- **Work to complete**
Transcribe exactly the lines below that begin at the line with "[Infographics] Viet Nam" and stop after the line with "Жіночі рюкзак, городской", leaving out every picture.

- **Records for the task**

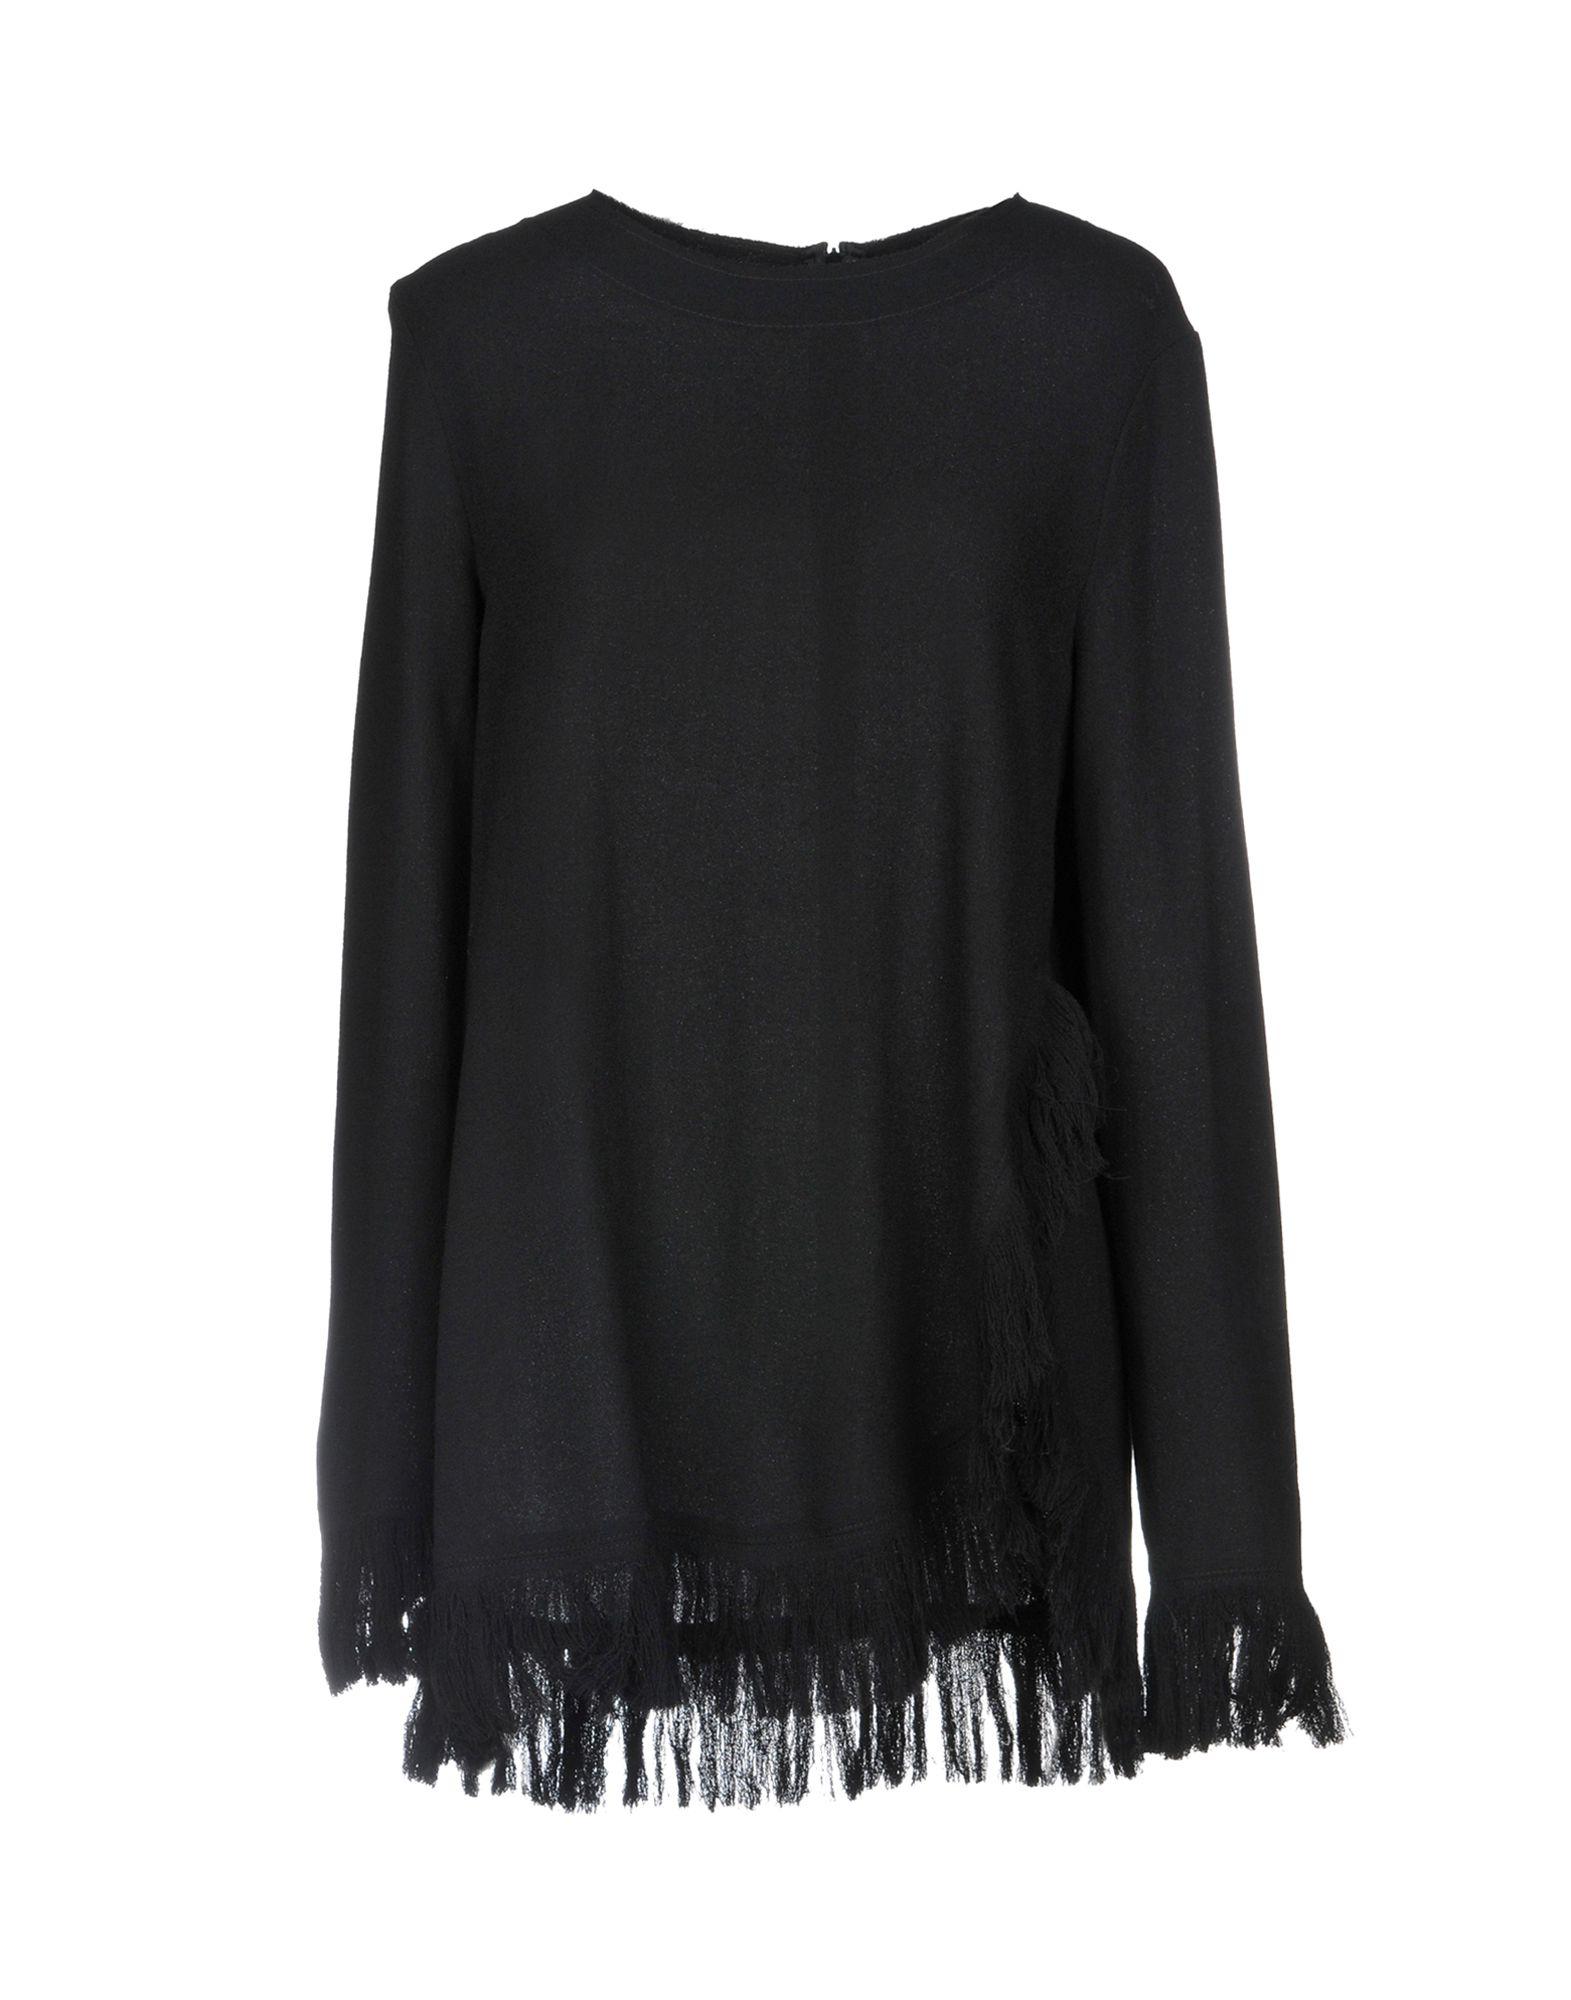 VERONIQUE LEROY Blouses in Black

---

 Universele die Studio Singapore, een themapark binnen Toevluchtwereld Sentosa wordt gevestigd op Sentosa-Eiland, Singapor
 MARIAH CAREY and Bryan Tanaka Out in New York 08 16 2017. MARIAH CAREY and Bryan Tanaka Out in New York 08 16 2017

...

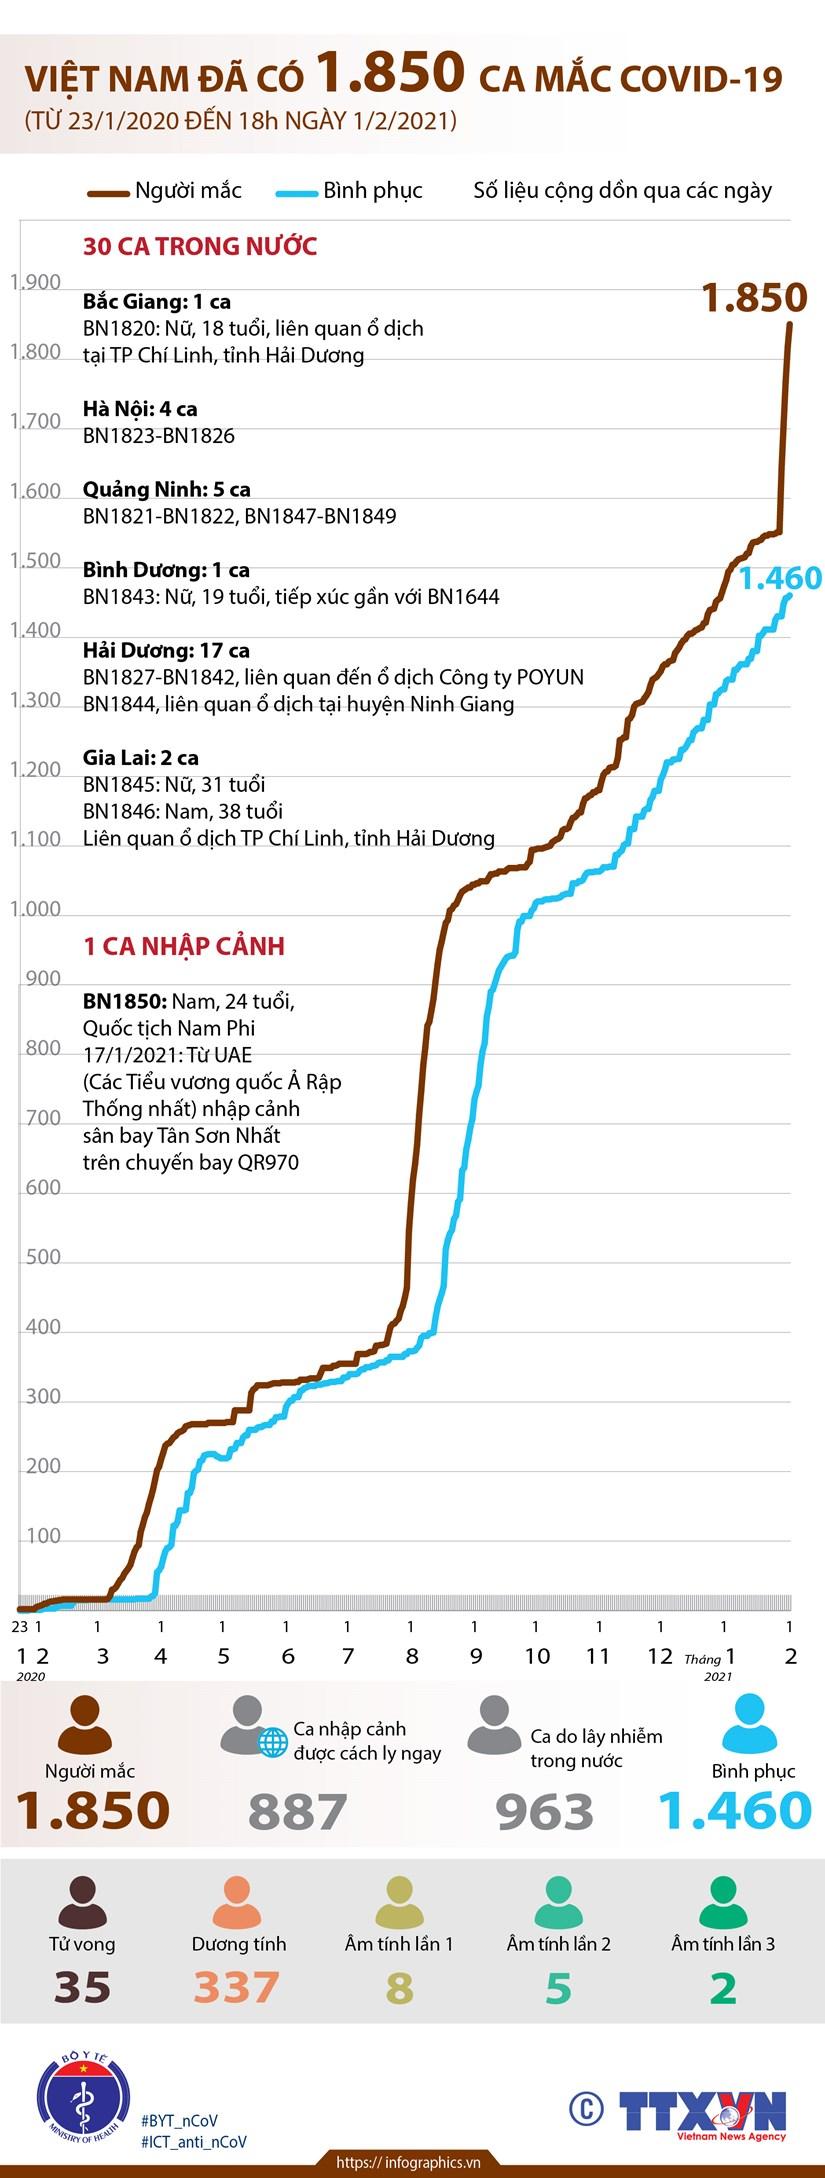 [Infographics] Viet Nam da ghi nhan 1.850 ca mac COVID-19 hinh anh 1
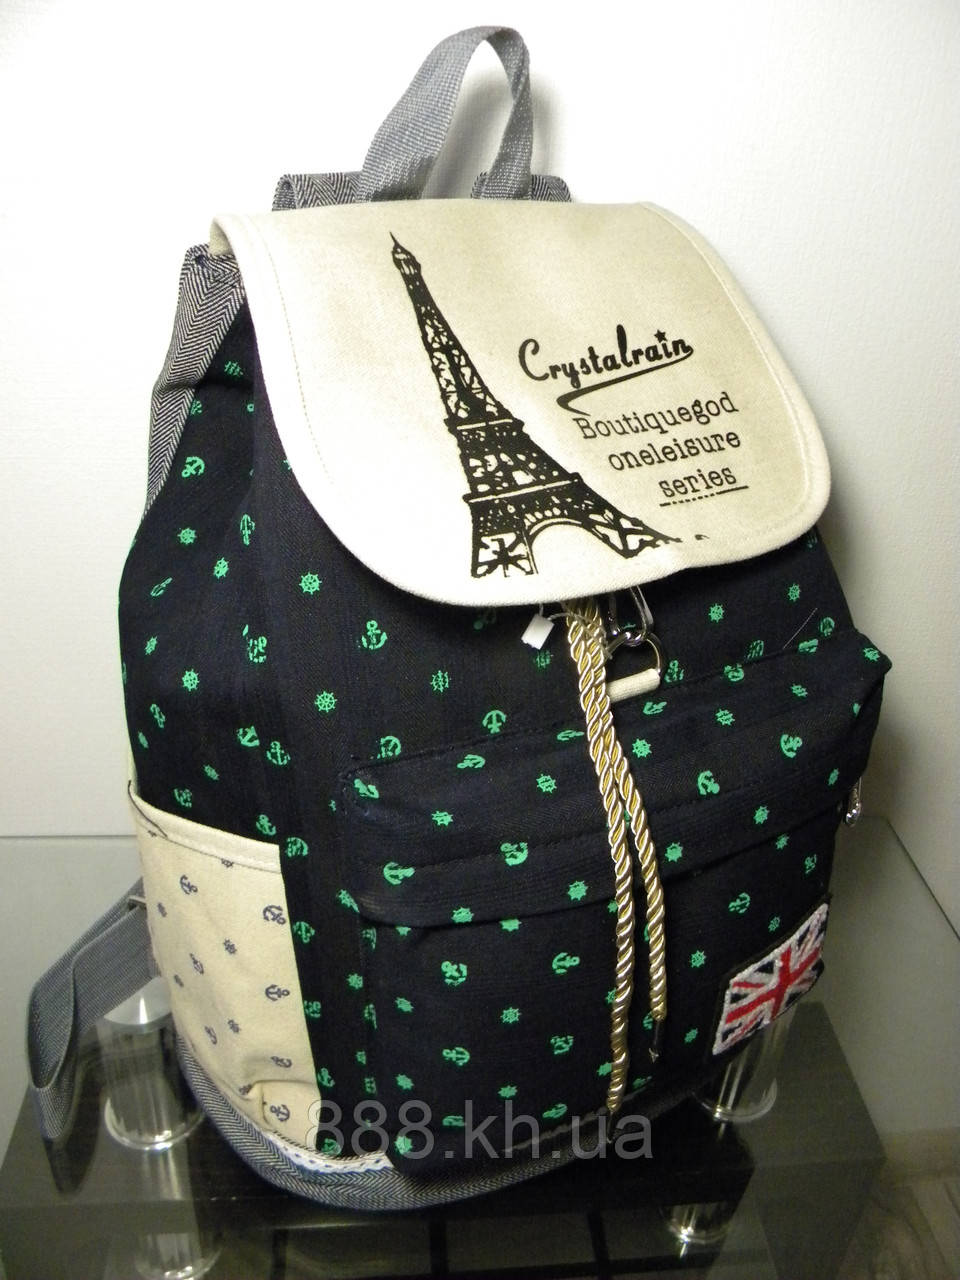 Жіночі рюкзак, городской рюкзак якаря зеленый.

- **Answer to the exercise**
 [Infographics] Viet Nam da ghi nhan 1.850 ca mac COVID-19 hinh anh 1
 Жіночі рюкзак, городской рюкзак якаря зеленый.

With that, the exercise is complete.